Aber ist’s nicht rührend, dass der beinah ausgestorbene Genitiv bei strebsamen Sprechern und Schreibern fröhliche Urständ feiert - selbst dort, wo er nicht am Platz ist (vgl. seine vermehrte Verwendung bei diversen Präpositionen wie nahe, entgegen, gemäß, entsprechend; gesiegt hat er ja längst bei trotz)?

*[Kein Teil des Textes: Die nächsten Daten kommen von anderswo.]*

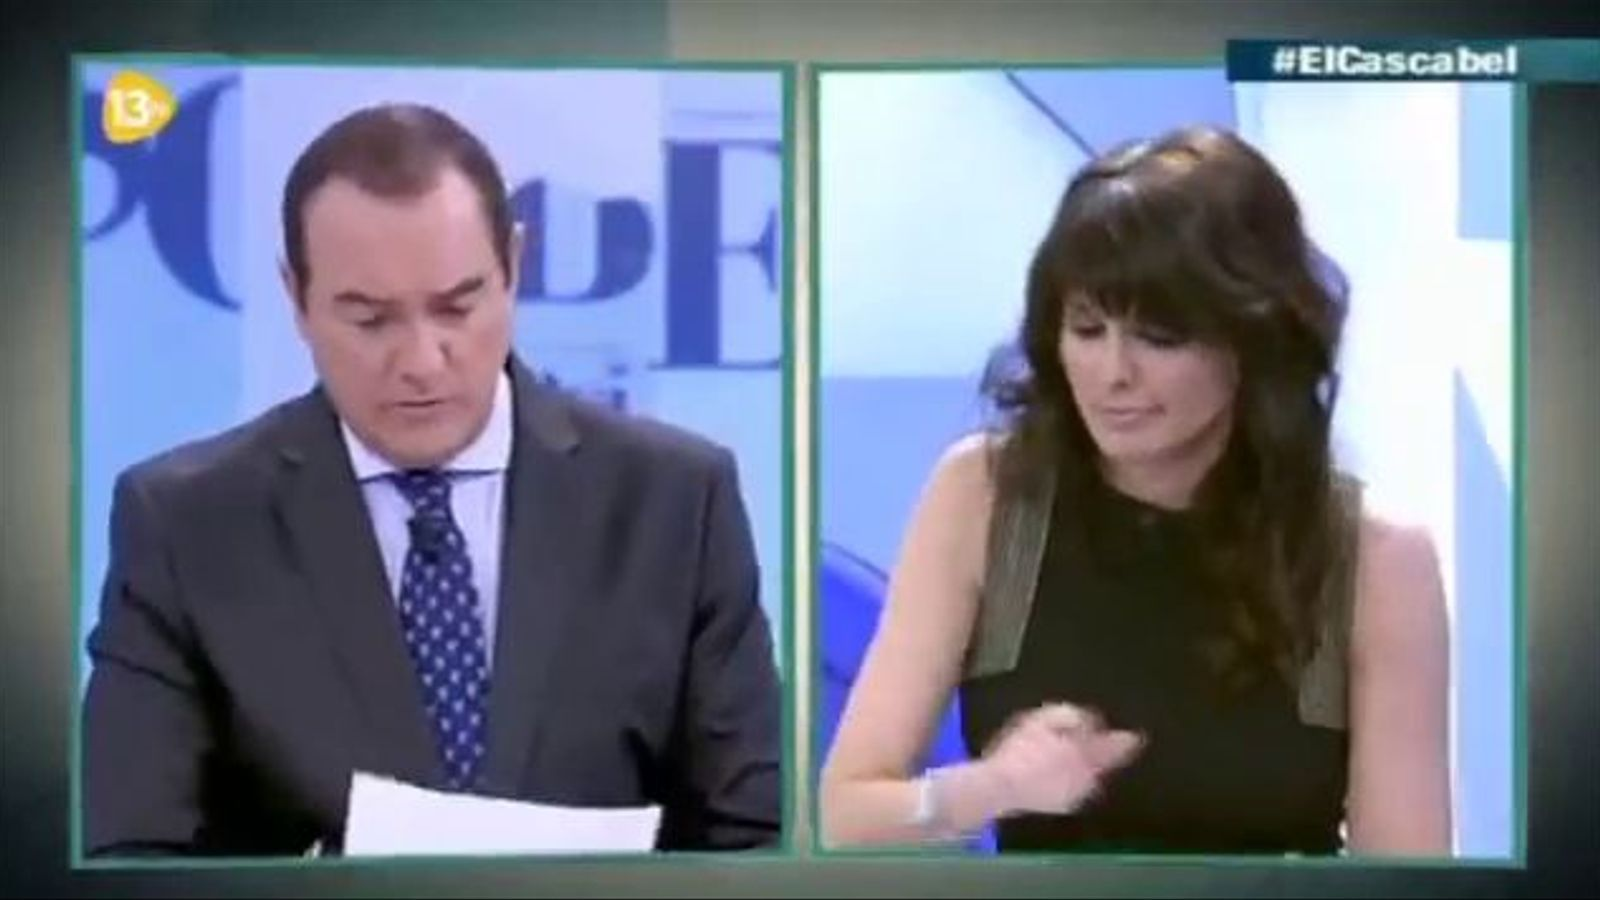 La tertúlia de 13tv sobre el tuit de Jair Domínguez

p.s. Ein ähnliches Verhältnis wie zw. Genitiv und Akkusativ in deiner Frage besteht da übrigens z.B. zw. den beiden Pluralformen Worte und Wörter:
Die ältere Form war Worte, die durch die modische Neubildung Wörter (analog zu Lämmer, Häuser, aber auch zur anderen Neubildung Männer...) zunächst fast ganz verdrängt wurde und darauf als die seltenere Form höherwertig und deshalb auch mit einem edleren Inhalt ("zusammenhängender Text") versehen wurde.
Heute aber fällt auf, dass so mancher wieder auf “Worte“ zurückgreift, wenn er eigentlich von einzelnen "Wörtern" spricht, die ja im Alltag weit öfter zur Sprache kommen als die (großen) Worte bedeutender Persönlichkeiten wie etwa Jesu "sieben letzten Worte".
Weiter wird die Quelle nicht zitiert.